The sample code is as follows:
@SpringBootApplication
@EnableAsync
public class Application {
public static void main(String[] args) {
SpringApplication.run(Application.class, args);
}
}
@Service
public class AsyncService {
@Async
public void asyncTask() {
// Asynchronous task execution logic
}
}
advantage:
- Simple and easy to use, just add @Async annotation to the method.
- Relying on the Spring framework, it has high integration and can work seamlessly with other Spring components.
shortcoming:
- The method must be public, otherwise asynchronous execution will be invalid.
- Asynchronous execution results cannot be obtained directly, and types such as Future or CompletableFuture need to be used.

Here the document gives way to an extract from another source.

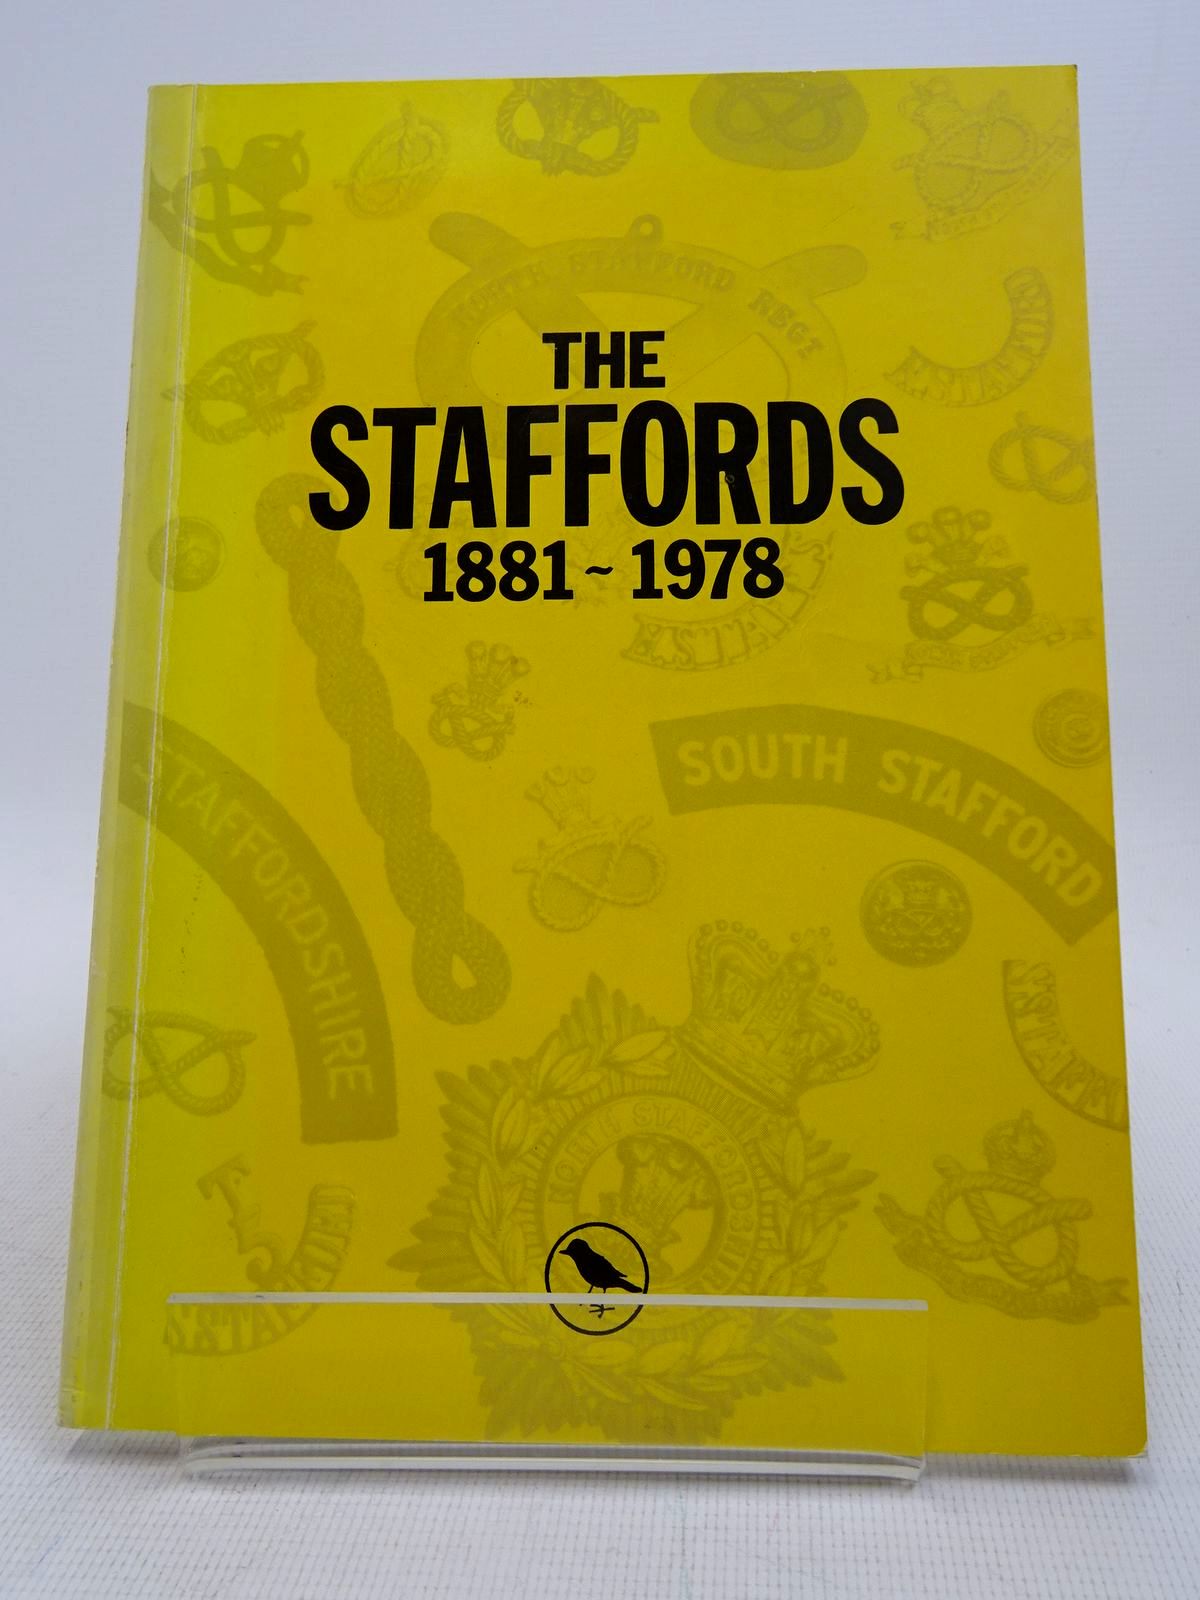 Photo of THE STAFFORDS 1881 - 1978 BADGES AND UNIFORMS written by Rosignoli, Guido Whitehouse, C.J. published by Rosignoli (STOCK CODE: 1817166)  for sale by Stella & Rose's Books
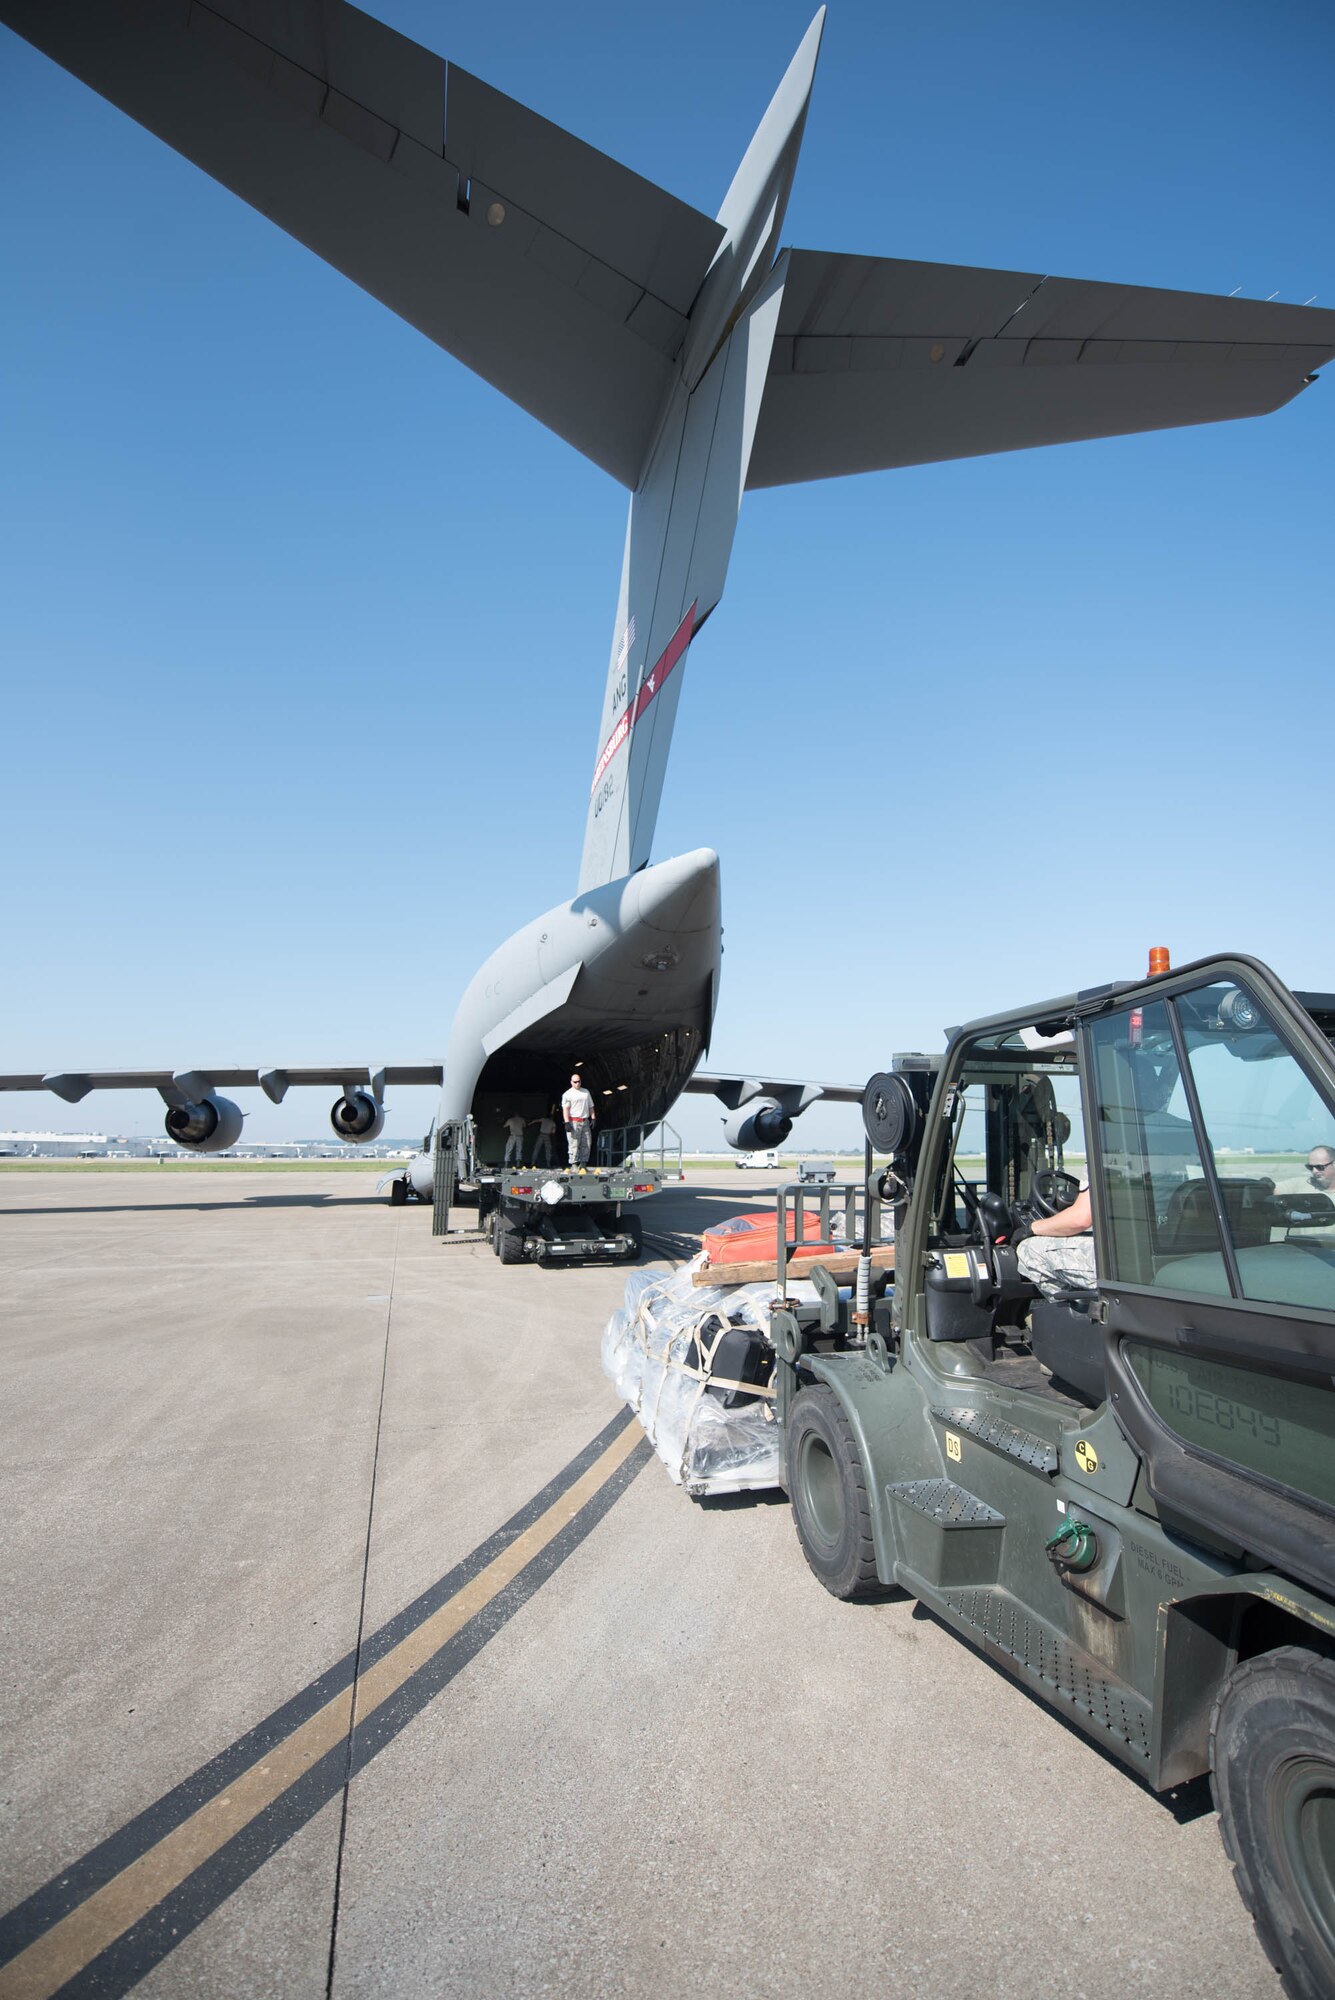 Airmen from the 123rd Airlift Wing load equipment onto a West Virginia Air National Guard C-17 at the Kentucky Air National Guard Base in Louisville, Ky., Sept 23, 2017, in support of Hurricane Maria recovery operations. Thirty-two members of the Kentucky Air National Guard’s 123rd Contingency Response Group are deploying to San Juan, Puerto Rico, along with the equipment to establish an air cargo hub to process relief supplies.

2. Based on the @Async annotation, how to rewrite the thread pool configuration yourself
2.1. Create thread pool
import org.springframework.context.annotation.Bean;
import org.springframework.context.annotation.Configuration;
import org.springframework.scheduling.concurrent.ThreadPoolTaskExecutor;
import org.springframework.scheduling.annotation.EnableAsync;
import java.util.concurrent.Executor;
import java.util.concurrent.ThreadPoolExecutor;
@EnableAsync
@Configuration
public class ExecutorConfig {
// Get the server's cpu number
private static final int CPU_COUNT = Runtime.getRuntime().availableProcessors();
@Bean("taskExecutor")
public Executor taskExecutor() {
ThreadPoolTaskExecutor executor = new ThreadPoolTaskExecutor();
// Number of core threads
executor.setCorePoolSize(CPU_COUNT * 2);
// Maximum number of threads
executor.setMaxPoolSize(CPU_COUNT * 4);
// Thread idle time
executor.setKeepAliveSeconds(50);
// queue size
executor.setQueueCapacity(CPU_COUNT * 16);
// Thread name prefix
executor.setThreadNamePrefix("");
// Set deny policy
// AbortPolicy -> Default policy,If the thread pool queue is full, drop the task and throw RejectedExecutionException abnormal
// DiscardPolicy -> If the thread pool queue is full,The task will be discarded directly without any exception.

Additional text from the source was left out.